Cet univers possède une sorte d’arbre monde qui permet des informations instantanées entre les mondes par l’intermédiaire de surgeons, que des «prêtres verts» comprennent. Parallèlement nous suivons la quête de deux archéologues et de robots à la recherche d’une civilisation disparue dont les robots seraient les descendants.
Tous les ingrédients d’une saga interstellaire sont ainsi mis en place avec habileté, et l’on observera un souci de réalisme dans l’invention des civilisations ET qui vont affronter les humains lors des prochains volumes. Un roman qui a du souffle et de l’invention. [RB]
Bernard Quiriny
Contes carnivores
Paris, Seuil, 2008, 250 p.
Le plaisir d’un lecteur est quelque chose d’indéfinissable, qui relève du «vice impuni» dont parle Valérie Larbaud. Découvrir au hasard des passages en librairie un titre, un nom, un livre, ajoute à ce plaisir celui de la découverte. Et un autre plaisir de lecteur, c’est de tenter de faire partager ses lectures.
Le recueil de Bernard Quiriny est composé de récits qui flirtent avec l’étrange, la fantaisie, avec un humour belge. Par endroits, on songe aux nouvelles d’Adolfo Bioy Casarès, ou à celles de Sylvina Ocampo. Mais il s’en dégage une note originale, même si les thèmes traités sont connus. J’ai bien aimé l’histoire d’amour et de peau d’orange de «Sanguine», l’histoire de l’évêque dont l’âme habitait plusieurs corps, les buveurs éternels, le langage des Yapous, les catastrophes comme objet d’art. Par contre certains contes laissent une impression de déjà-vu, comme celui qui donne son nom au recueil.
On trouve aussi, çà et là dans les autres contes, quelques petites perles comme l’histoire de l’écrivain qui écrivait les biographies d’individus portant des noms illustres, comme la vie de Lénine, cordonnier à Toulon, ou celle de Victor Hugo, dentiste à Palaiseau…
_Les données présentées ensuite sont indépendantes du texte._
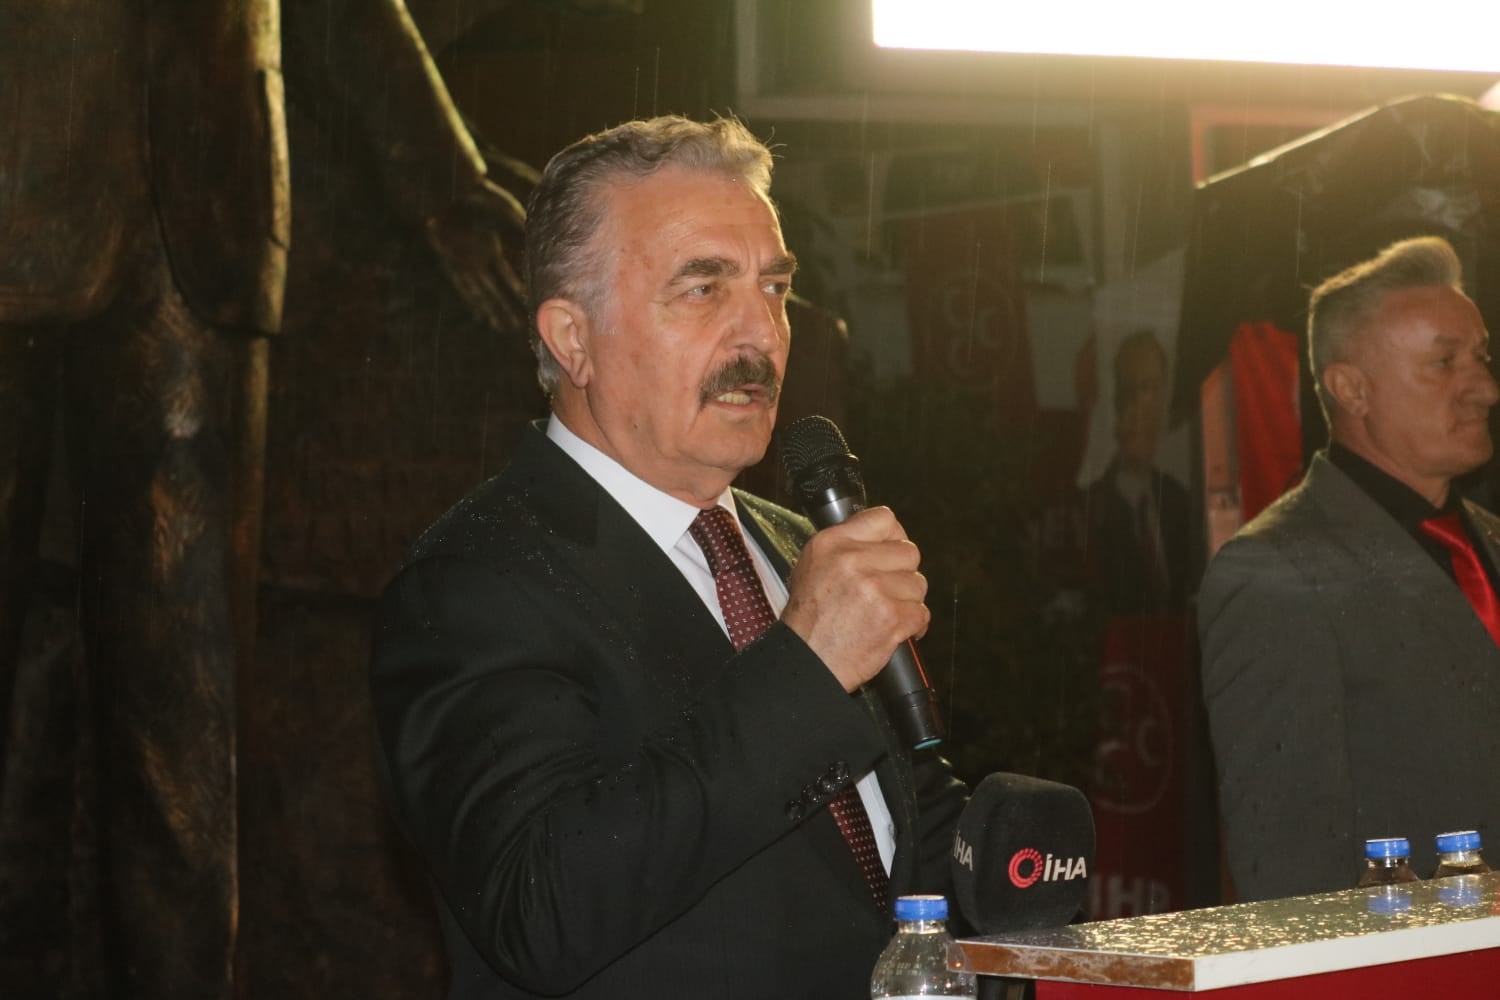 Mhp Genel Sekreteri Büyükataman Kılıçdaroğluna Seslendi: “Açıklamak Mecburiyeti Var”

Bref, un recueil un peu bizarre, fantaisiste par endroits, d’un style agréable à l’oreille. Ce n’est pas un chef-d’œuvre, mais cela vaut au moins dix prix Goncourt. Donc à lire en attendant le troisième recueil de Quiriny. Le premier, qui s’intitulait L’Angoisse de la première phrase (Phébus, 2005), lui avait permis de remporter le prix de la Vocation.
La préface est d’un écrivain connu (?), Enrique Via-Matas, qui en profite pour parler de lui-même avec enthousiasme.